Comment on Russia Launches First Brain-Chipped Bird Drones for Surveillance Over Cities
Cocodapuf@lemmy.world 3 days agoCruise missiles often use pre-programmed guidance systems, or total automation with just set of GPS waypoints to reach. That’s a pretty sensible appropriate because the nature of the device is as a long range weapon that often ventures far into enemy territory. If you needed to stay in constant communication, radio jamming would become a serious liability. I’d imagine this is very similar in its design goals, so they’d likely use a similar approach.
At any rate, I don’t expect the guidance to be the hard part, GPS navigation is not that hard to implement. (or GLONASS, in this particular case)
Also… If the US were doing this, they actually could use star link. Star link direct to cell phone connectivity is actually in beta right now and it works. If the pigeon could carry a striped down iPhone (it doesn’t need a screen, speaker, microphone, etc), then it could actually carry a communications device that could be in constant contact. I wouldn’t recommend Russia try that on starlink though.

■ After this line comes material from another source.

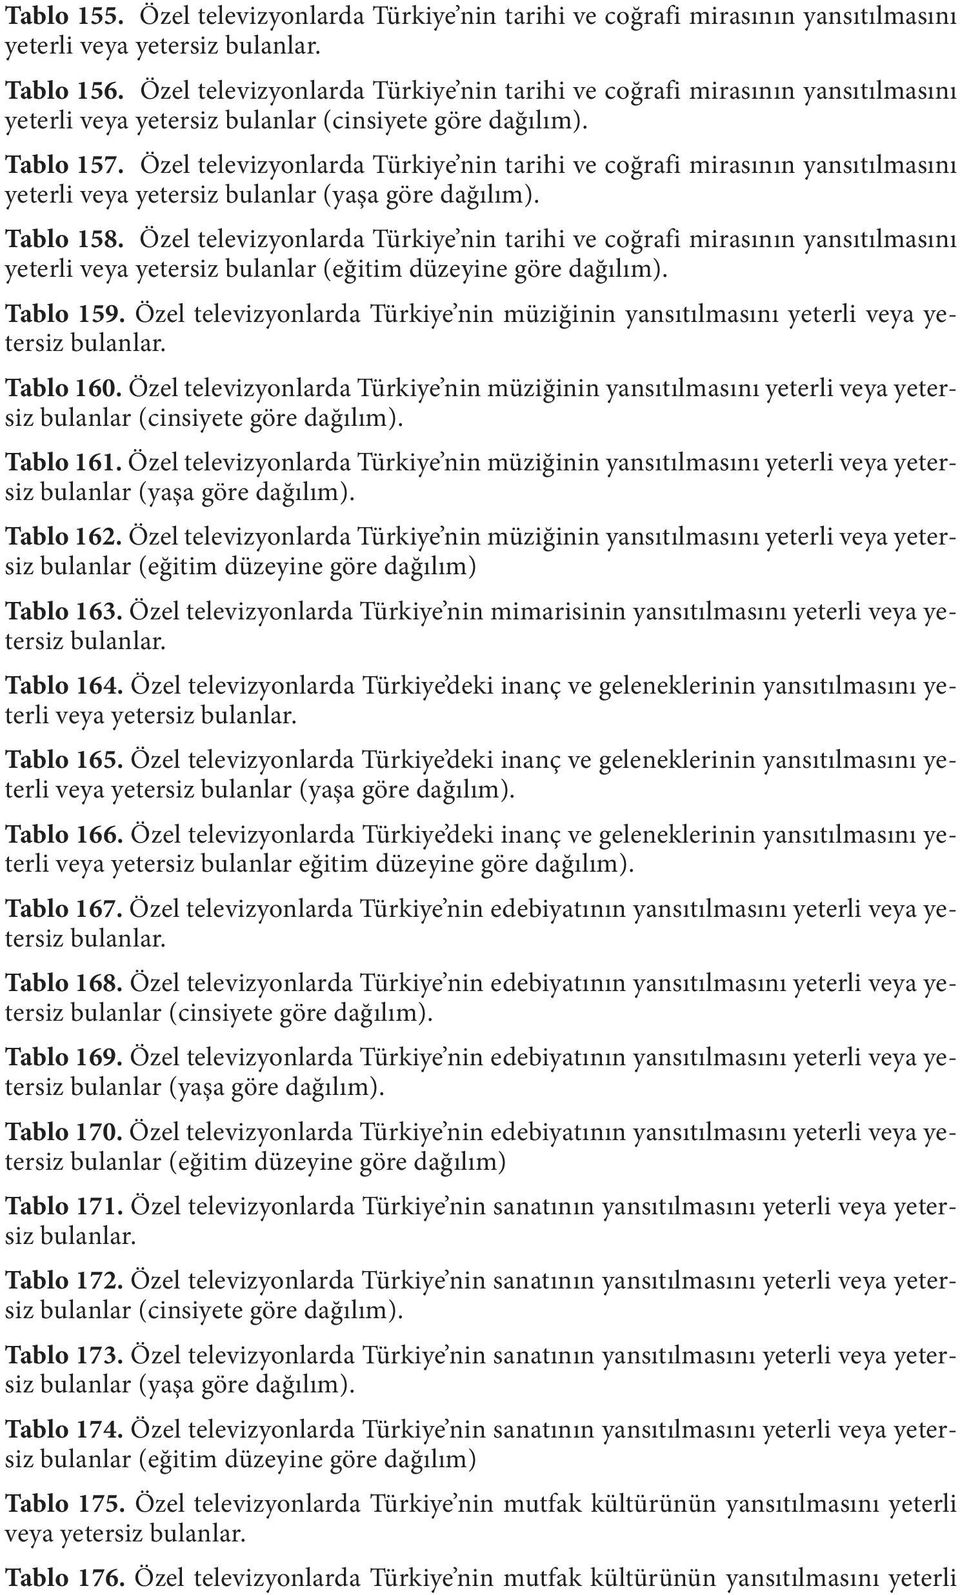 Özel televizyonlarda Türkiye nin tarihi ve coğrafi mirasının yansıtılmasını yeterli veya yetersiz bulanlar (yaşa göre dağılım). Tablo 158.

in_my_honest_opinion@piefed.social 2 days ago
Or you could I dunno, use a drone? What benefit is there to use a pigeon for any of this? The issue isn’t the payload it’s the platform.
Cocodapuf@lemmy.world 2 days ago
Sure, fine. At no point was I making any argument for or against this technology. Maybe it works, maybe it doesn’t, maybe it’s a waste of time.
The only argument I’m making here is that there’s nothing far fetched about a pigeon flying over a kilometer, that’s totally normal. I’m pretty confident in this because I have first hand evidence that birds are actually really good at flying, and sometimes they fly very long distances.
in_my_honest_opinion@piefed.social 2 days ago
So no benefit for using a pigeon.
Cocodapuf@lemmy.world 2 days ago
Did you read my comment? My entire point was essentially that I don’t care. I’m not weighing in on that.